Expected output (approximate):

--- Deutsch ---
Prompt Tokens: 22
Completion Tokens: 55
Total Tokens: 77
--- English ---
Prompt Tokens: 18
Completion Tokens: 42
Total Tokens: 60

German requires 28.3% more tokens than English

The exact numbers vary with each call (LLM output is non-deterministic), but the German prompt should consistently consume 20-40% more tokens.

Explanation: This is due to the tokenizer distribution — English words appear more frequently in the training data and are encoded more efficiently.

COMBINE

Task flows to selectModel to model, generateText returns result.usage, token comparison

Exercise: Combine token counting with model selection from Level 1. Send the same prompt to two different models and compare token usage.
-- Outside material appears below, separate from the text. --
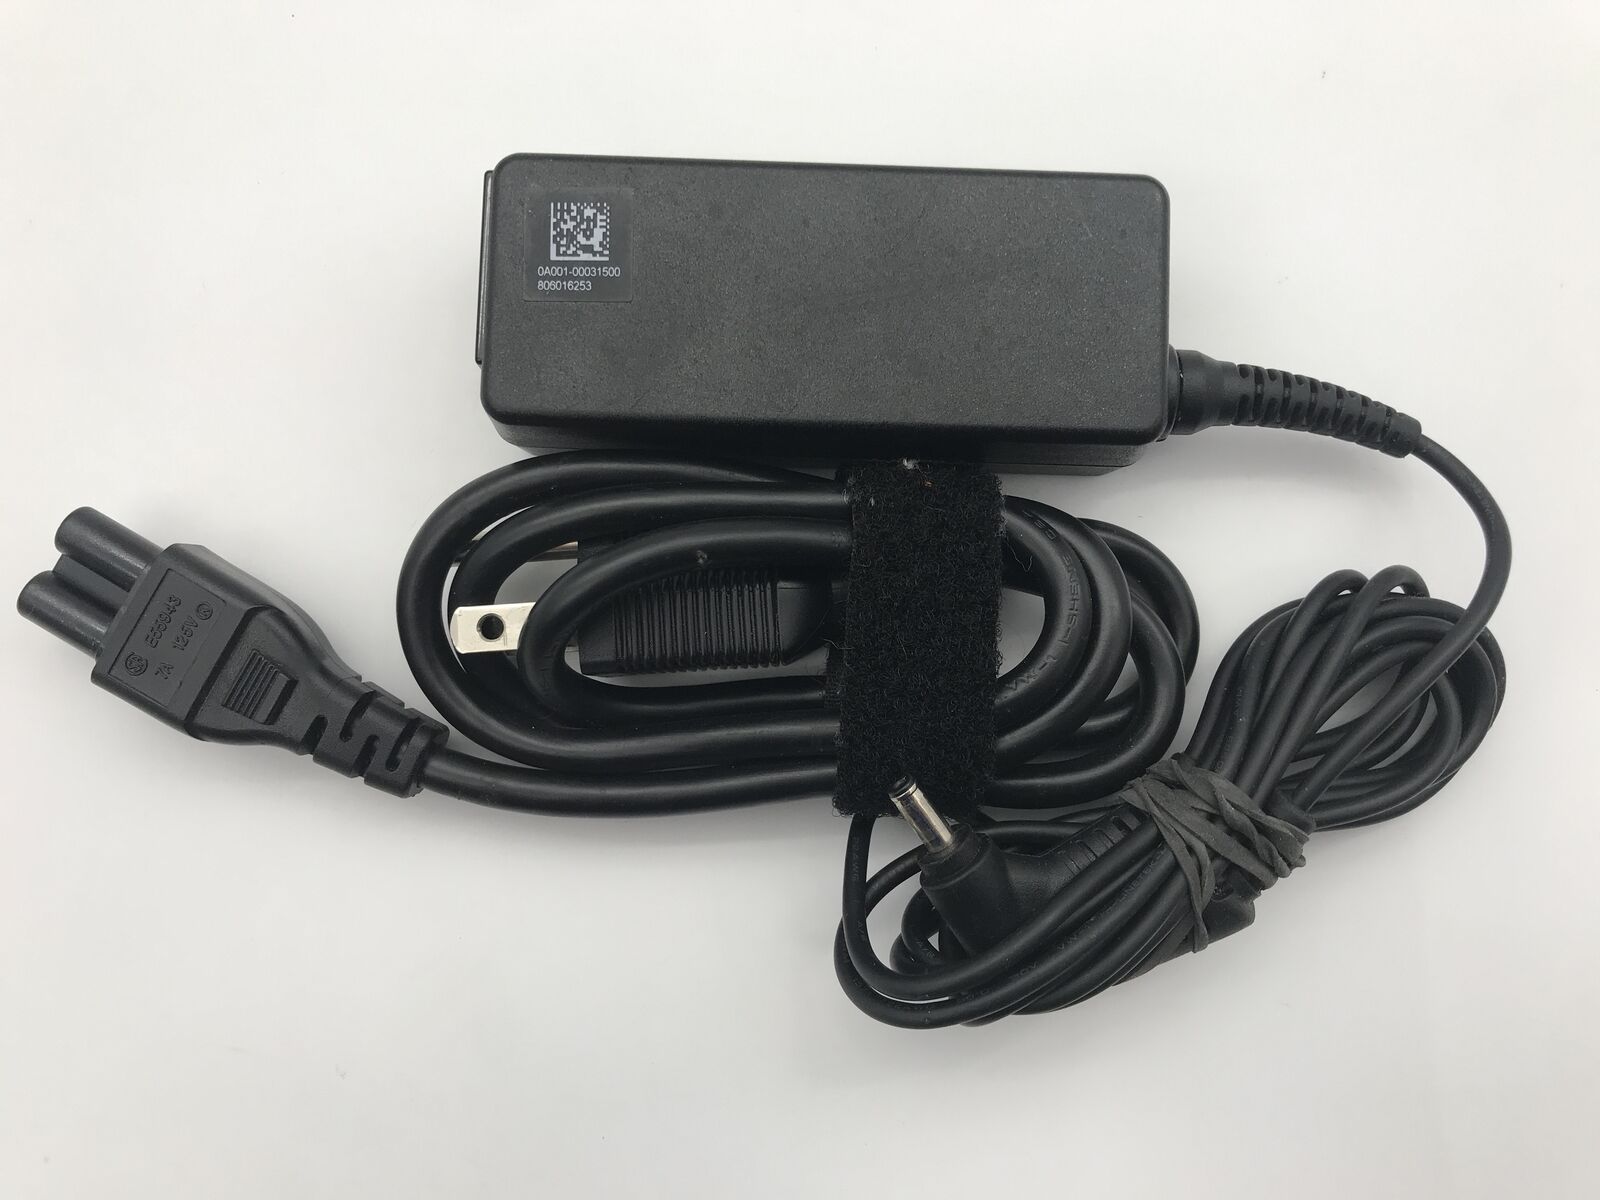 Lot of 10 GENUINE ASUS 40W AC ADAPTER 19V 2.1A Small Tip adp-40kd bb
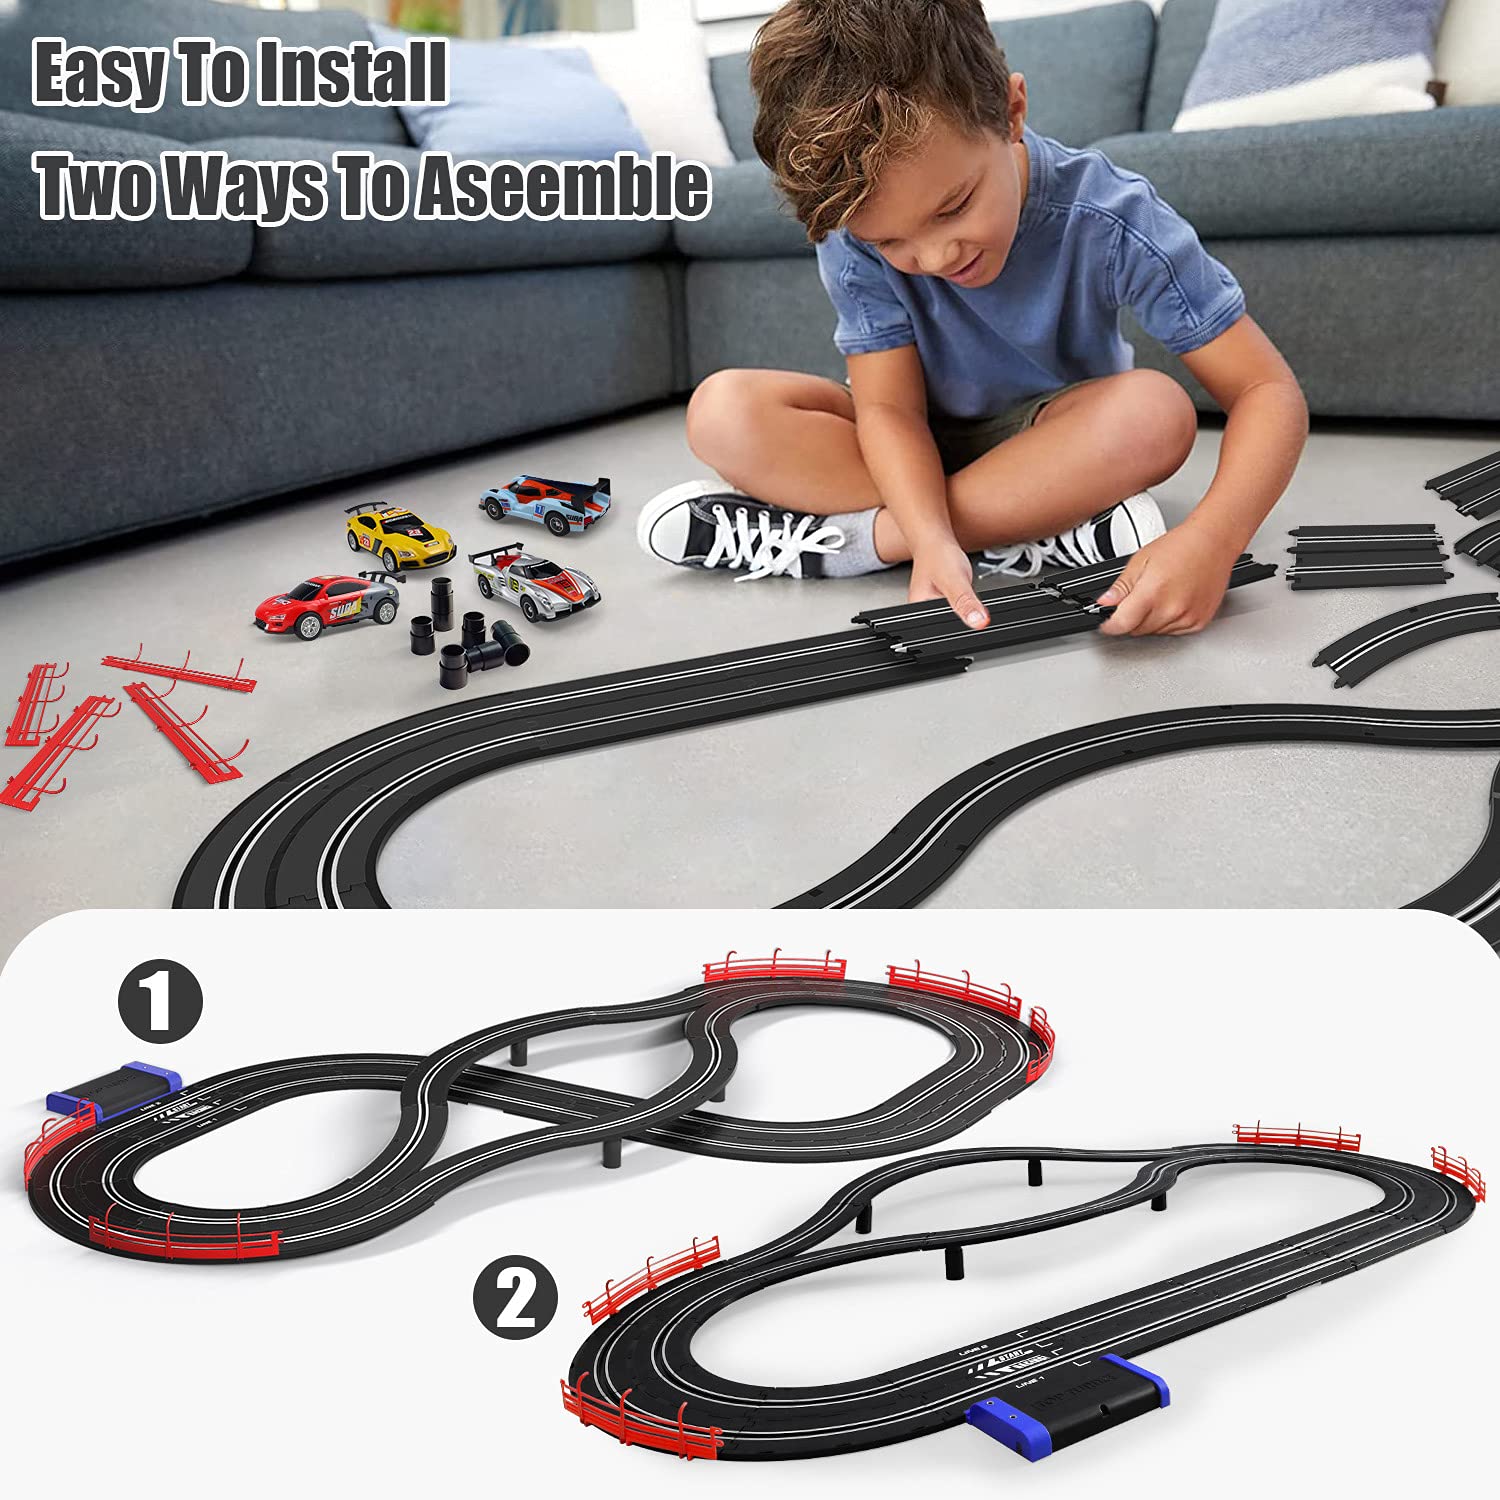 Electric Racing Tracks for Boys and Kids Including 4 Slot Cars 1:43 Scale with Headlights and Dual Racing, Race Car Track Sets with 2 Hand Controllers, Gift Toys for Children Over 8 Years Old

Use selectModel('summarize') for a Flash model (e.g. Gemini Flash)
Use selectModel('analyze') for a Pro model (e.g. Claude Sonnet)
Send the same prompt to both models
Compare promptTokens and completionTokens — different tokenizers yield different numbers

Optional Stretch Goal: Calculate the estimated costs for both models based on the pricing table from Layer 4. Which model is cheaper — and by how much?